::: Raw data

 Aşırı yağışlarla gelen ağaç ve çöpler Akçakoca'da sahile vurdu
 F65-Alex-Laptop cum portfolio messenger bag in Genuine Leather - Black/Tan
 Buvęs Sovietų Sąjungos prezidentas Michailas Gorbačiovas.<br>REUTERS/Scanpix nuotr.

::::::
::: Raw data

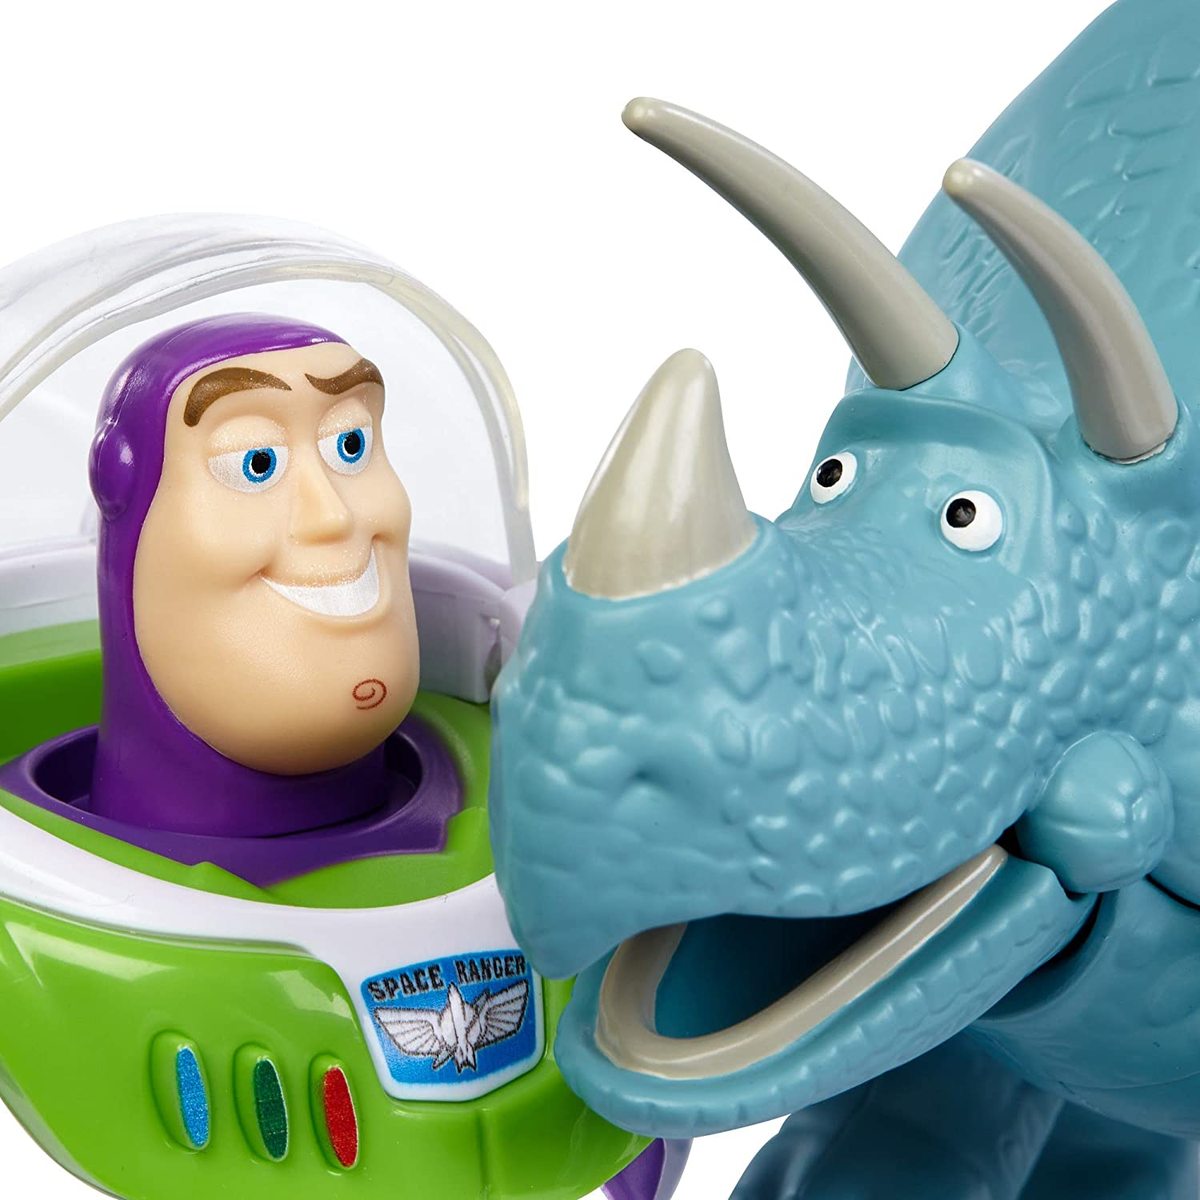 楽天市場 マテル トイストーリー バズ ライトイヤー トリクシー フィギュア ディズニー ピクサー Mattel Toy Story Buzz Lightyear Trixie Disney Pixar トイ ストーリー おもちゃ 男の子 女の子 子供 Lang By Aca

::::::
::: Raw data

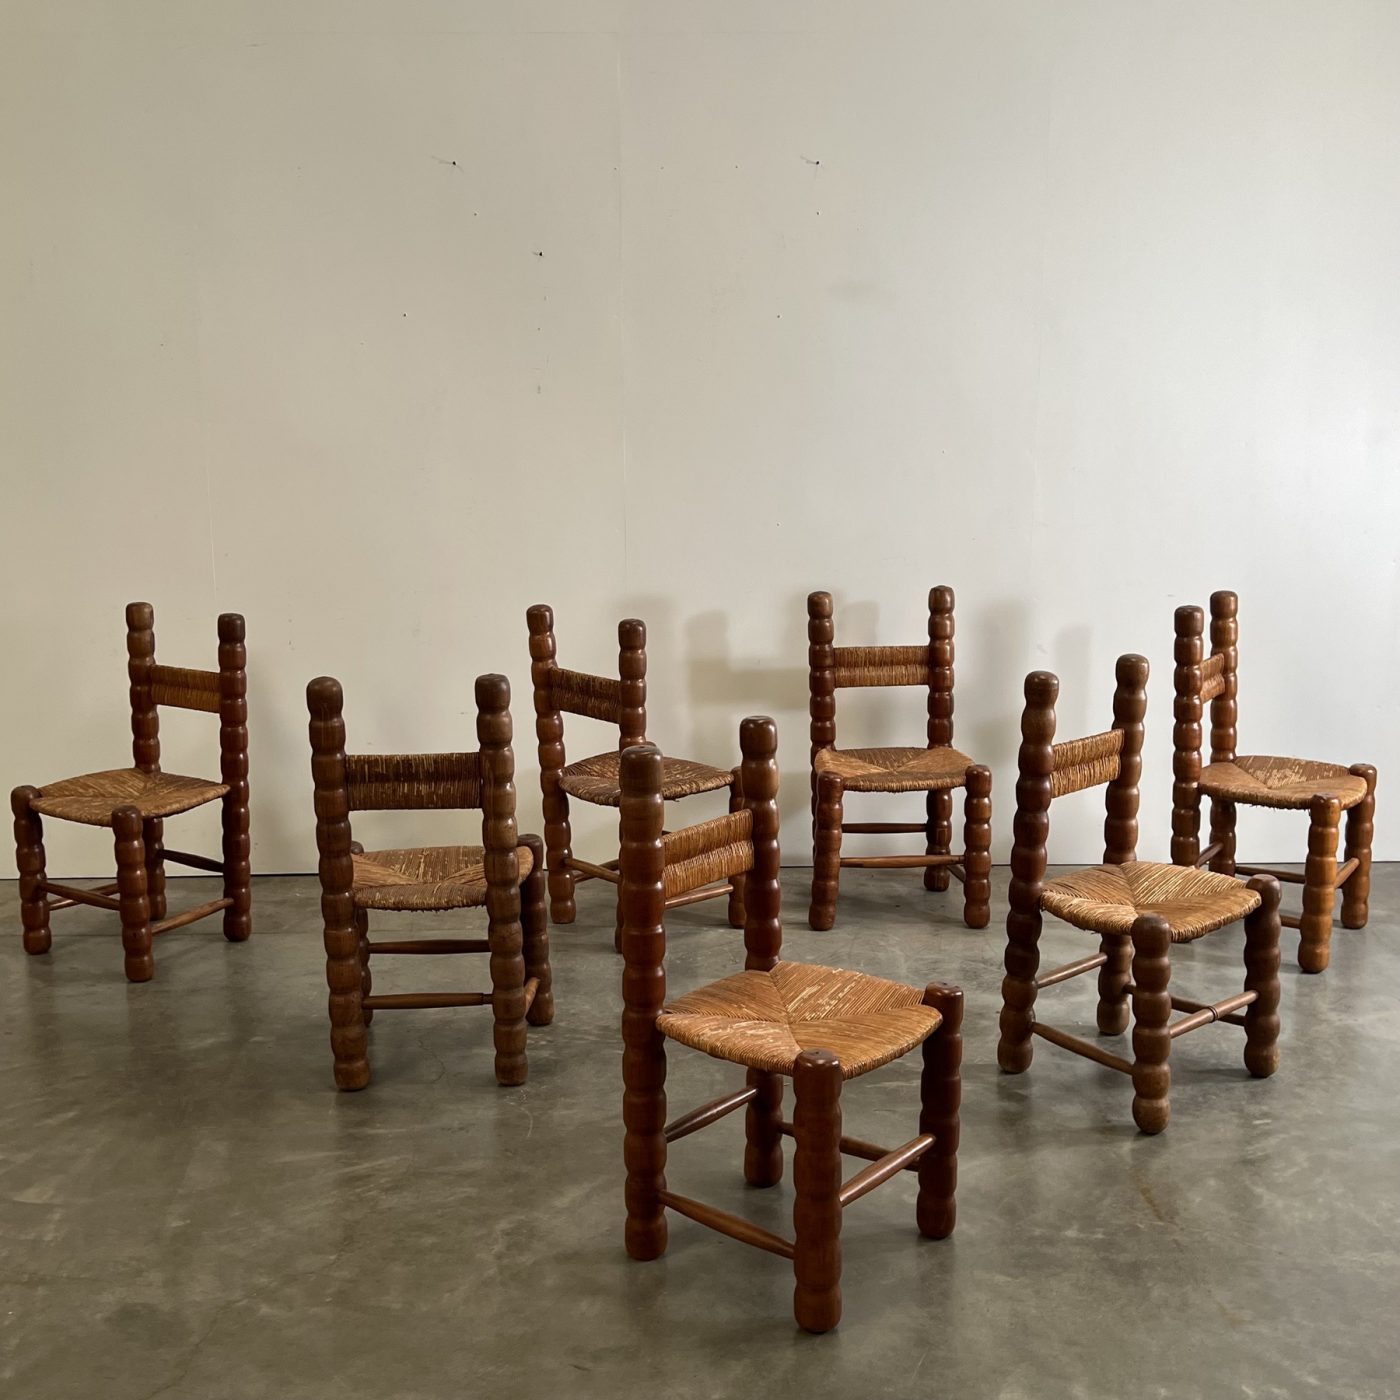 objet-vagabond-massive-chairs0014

::::::

• Task description
From the records above, quote only the lines running from the line with "F65-Alex-Laptop cum portfolio" to the line with "Buvęs Sovietų Sąjungos", both lines included.

• Task solution
 F65-Alex-Laptop cum portfolio messenger bag in Genuine Leather - Black/Tan
 Buvęs Sovietų Sąjungos prezidentas Michailas Gorbačiovas.<br>REUTERS/Scanpix nuotr.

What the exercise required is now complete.